LA RARETÉ À L’ÈRE INDUSTRIELLE
La révolution industrielle n’a eu de cesse de réduire le temps humain nécessaire.
En trois ans, Gutemberg a pu imprimer 180 exemplaires de sa Bible de 1455. La machine à tisser Jacquard a permis à un seul ouvrier d’effectuer le travail de cinq ouvriers, provoquant la révolte des Canuts. Aujourd’hui, les productions agricoles par hectare ont été multipliées par dix. Et nous pouvons construire des bâtiments, tel le viaduc de Millau, en seulement trois années.
Cette volonté de produire en masse avec peu de temps humain et encore moins d’énergie humaine a permis de baisser le coût de la vie, mais aussi de faire disparaître la rareté de nos vies ! Le point culminant d’une société aux ressources infinies est arrivée avec l’informatique. Les ressources numériques se copient et partagent quasi instantanément et gratuitement.
Bien sûr, cette perte de rareté dans la société est bénéfique. 90 % des humains mangent à leur faim. Le savoir n’a jamais été aussi répandu et accessible. En France, nous vivons dans 90 m2 en moyenne avec seulement 2,3 personnes par logement. Nous achetons 10 kg de vêtements par an et par habitant. La diminution de la rareté est corrélée par une baisse du prix, toutes les deux liées au temps humain présent dans l’objet.
Cependant, ce manque de rareté présente des défauts.

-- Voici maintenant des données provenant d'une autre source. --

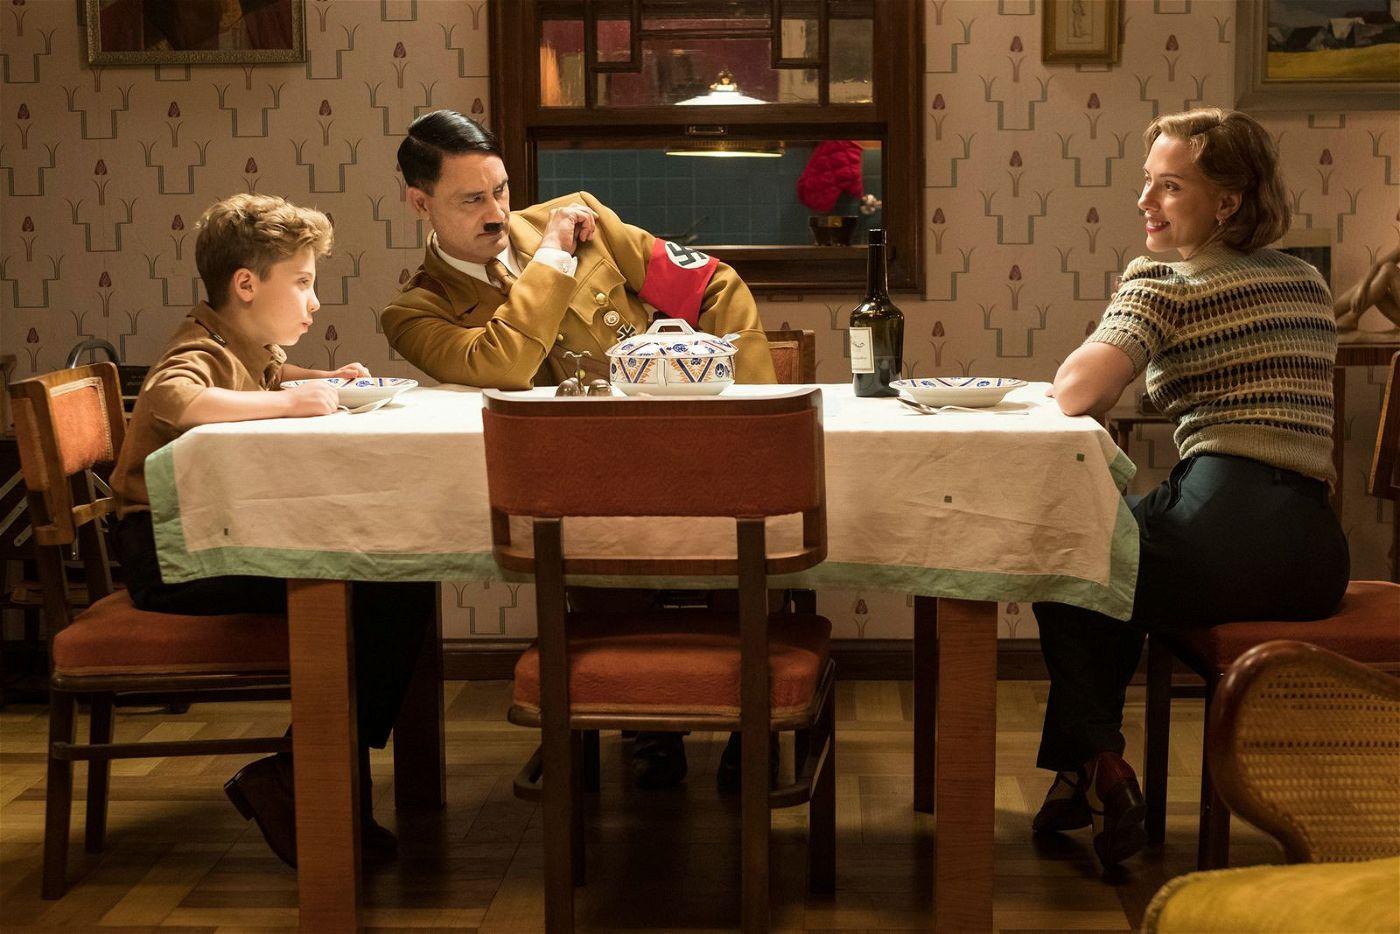 Mit Hitler (Taika Waititi, Mitte) bei Tisch: Jojos Mutter (Scarlett Johansson) weiß nicht, dass ihr Sohn (Roman Griffin Davis) einen imaginären Freund hat.

Premièrement, nos monnaies sont devenues des monnaies de singe, qui s’effondrent avec leur gouvernement (liste des hyperinflations). Il faut dire que la garantie de leur valeur ne provient plus d’une quelconque rareté mais de la seule confiance dans le gouvernement… L’art aussi s’est effondré, les techniques de copie ne permettent plus de distinguer original et plagiat, surtout dans l’art moderne.
Les notions d’original et de propriétaire se perdent dans le format numérique où chaque œuvre est copiable à l’infini et à l’identique tel les vidéos, musiques ou photos.
LA RARETÉ À L’ÈRE DE LA BLOCKCHAIN
La blockchain est une technologie qui compte bien remettre de la rareté dans nos sociétés. Elle réalise l’exploit de rendre des actifs numériques rares, c’est-à-dire de forcer leur existence en quantité limitée. Pour se faire, elle va rendre ces actifs ni falsifiable ni duplicable, une véritable prouesse.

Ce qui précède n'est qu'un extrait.